Researchers at the University of North Carolina at Chapel Hill will play key roles in a new project that applies semantic technologies developed by computer and information scientists to the field of evolutionary biology.
Unlike DNA and protein sequence information, which can be combined and compared from different organisms using universal computational methods, phenotype information has no such universal code or set of tools. Highly specialized expertise is needed to compare anatomical or physiological knowledge about different sets of organisms. The new project, funded by the National Science Foundation (NSF), aims to make this kind of expertise accessible to computers in a way that will open up new avenues for studying how phenotypes evolve along the tree of life.
Todd Vision, associate professor in the department of biology in the College of Arts & Sciences and principal investigator on the project, will address the problem of semantic ancestral character reconstruction, the process of using the phenotypes of present-day organisms to infer the phenotype of their evolutionary ancestors. He will also work on semantic enrichment, which is used by researchers to find hidden relationships among phenotypes that change along different branches of an evolutionary tree.
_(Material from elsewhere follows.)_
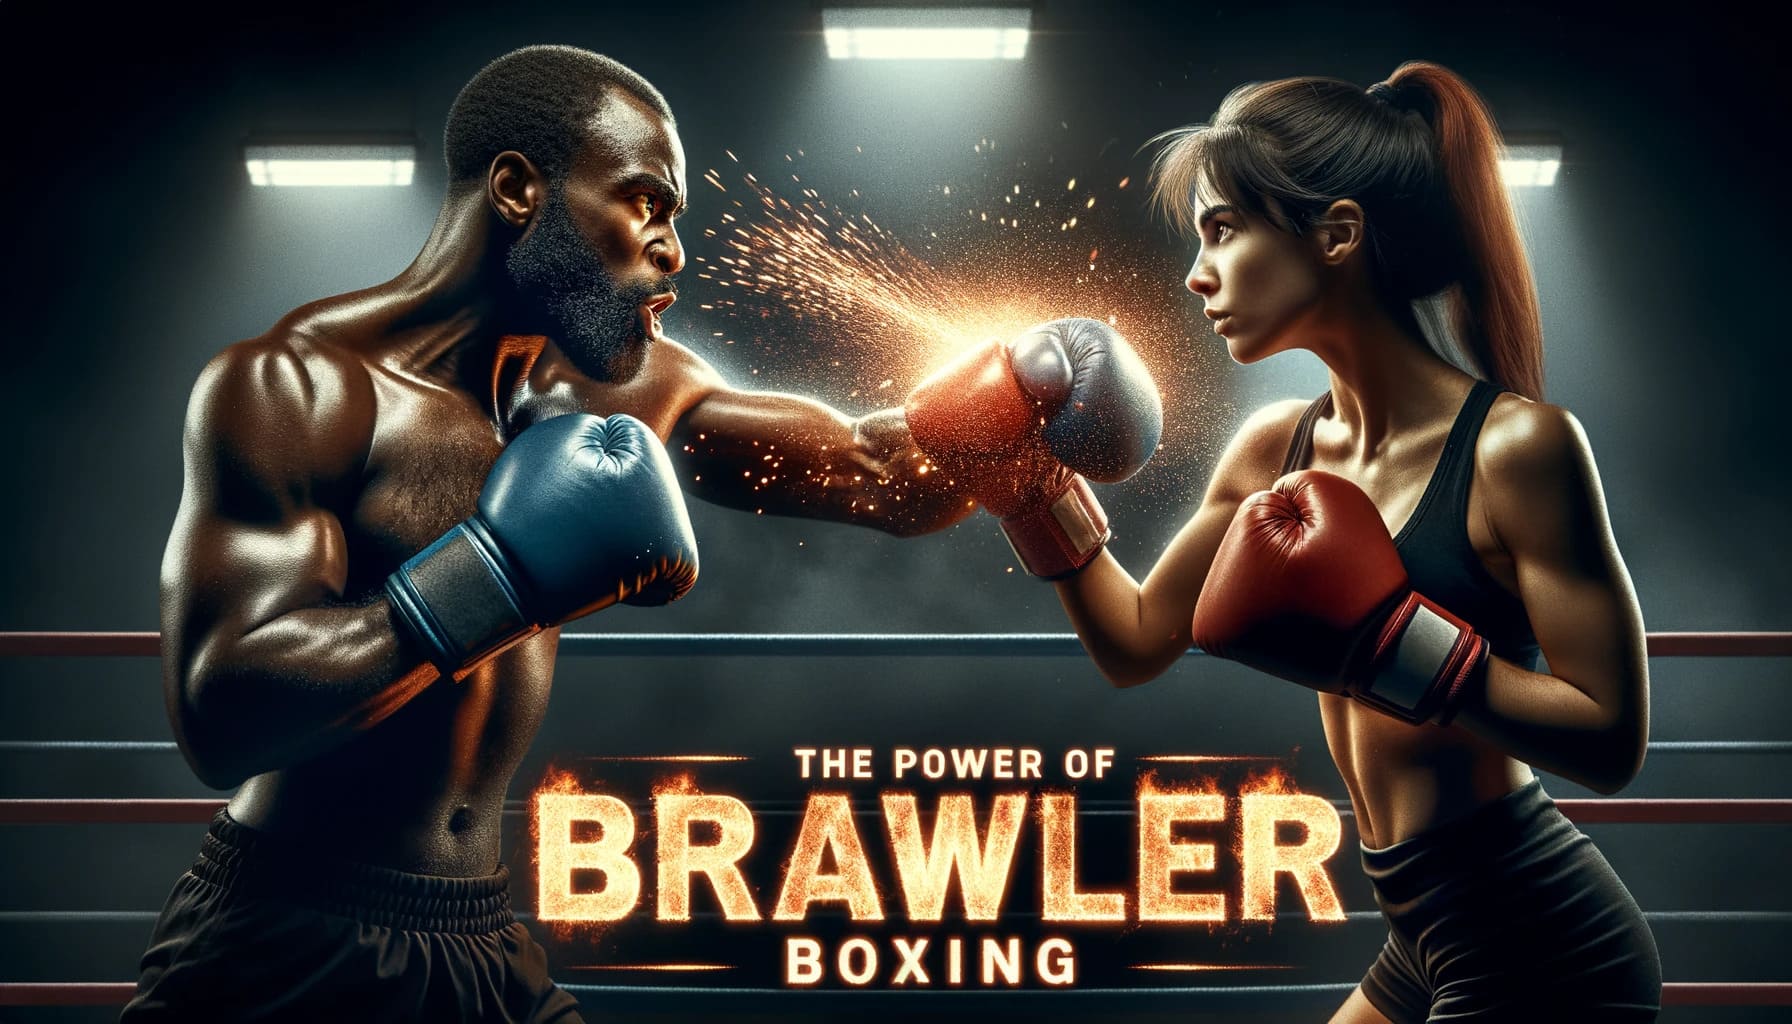 Brawler boxing style thumbnail

“We are approaching a time in which it will be possible to get a reasonable estimate of the evolutionary relationships among any set of organisms by stitching together results from multiple published studies, and it will be possible to list all the phenotypes that have been observed on the tips of that tree,” said Vision. “But for the vast majority of phenotypes, without the kinds of tools we aim to develop, biologists will be unable to say much about how the evolution of those phenotypes unfolded.”
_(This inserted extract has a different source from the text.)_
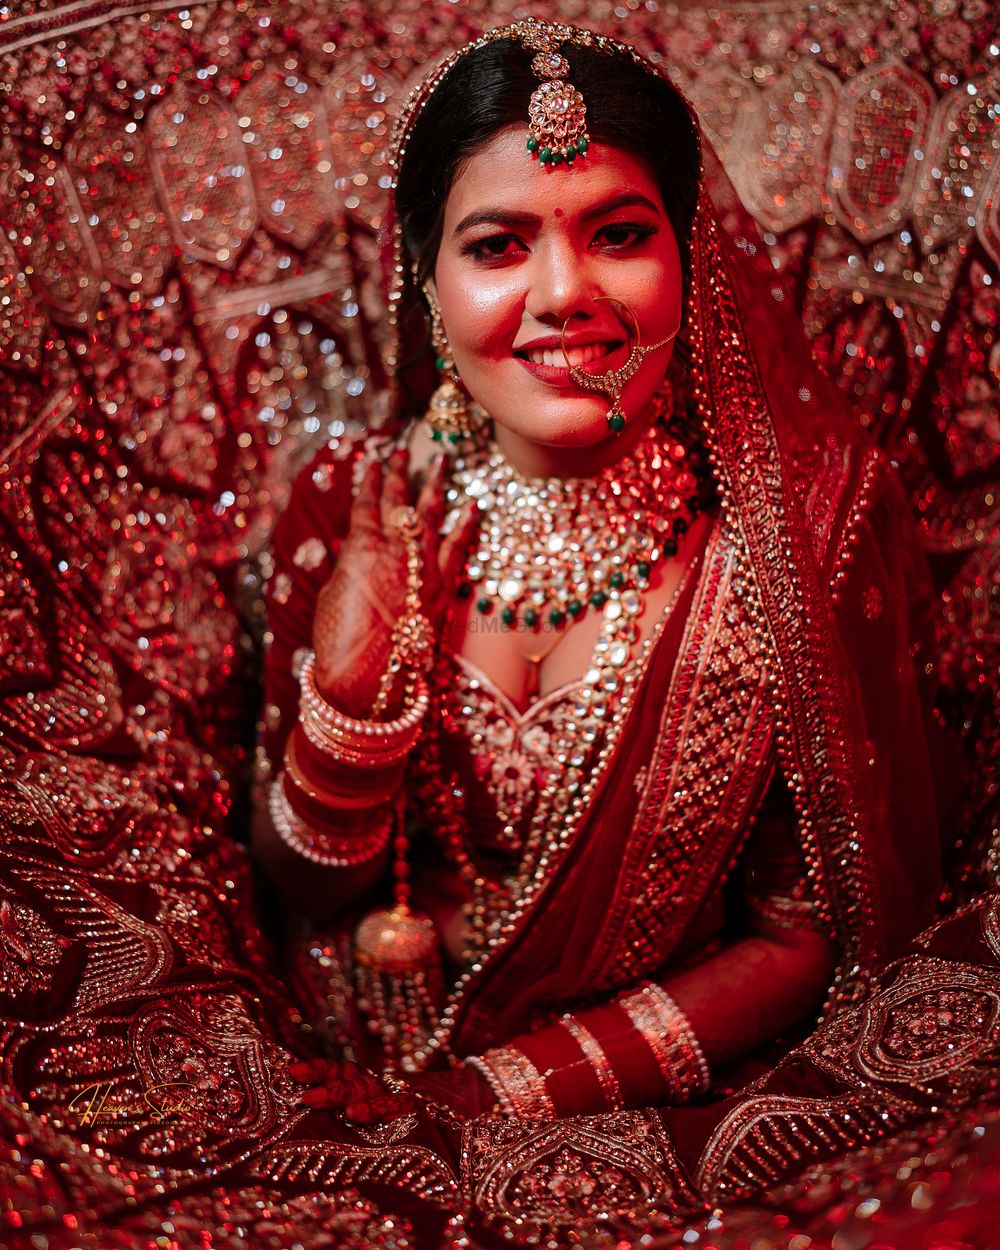 Photo From Priyanka Weds Amit - By Heaven's Studio

Co-PI James Balhoff, a senior research scientist at RENCI who is an evolutionary biologist by training, will develop software and the database platform to be used by the project.
“Semantic technologies such as ontologies already play a major role in standardizing data descriptions in biomedical applications,” said Balhoff. “By making it possible to readily incorporate this shared knowledge into new analytic tools, we can make adoption of these standards even more powerful.”
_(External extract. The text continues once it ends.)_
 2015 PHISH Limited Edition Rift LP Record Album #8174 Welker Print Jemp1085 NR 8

The two principal investigators have been part of a long-standing collaboration called Phenoscape, which has pioneered the application of ontologies to biological phenotypes. Ontologies are data models that capture expert knowledge in such a way that computers can apply logical reasoning to that knowledge. They have proven to be particularly valuable for data integration applications. For instance, ontologies link databases describing the functions of genes in distantly related organisms such as yeast, fruit flies, and humans. The new project will leverage ontologies for more challenging reasoning tasks.
The research team includes collaborators at the University of South Dakota, Duke University, and Virginia Tech. UNC-Chapel Hill will receive more than $800,000 from the NSF for the three-year effort.
“We will focus on the evolution of miniaturization in fishes as a test case to show that these tools work”, said Vision, “but the tools we are developing should be of general use for studying phenotype evolution in any organism.”
“Looking more broadly, in many scientific fields, like biomedicine and environmental science, researchers rely on qualitative observations rather than quantitative ones,” said Balhoff. “There is a great opportunity for ontologies to enable new informatics capabilities wherever that is the case.”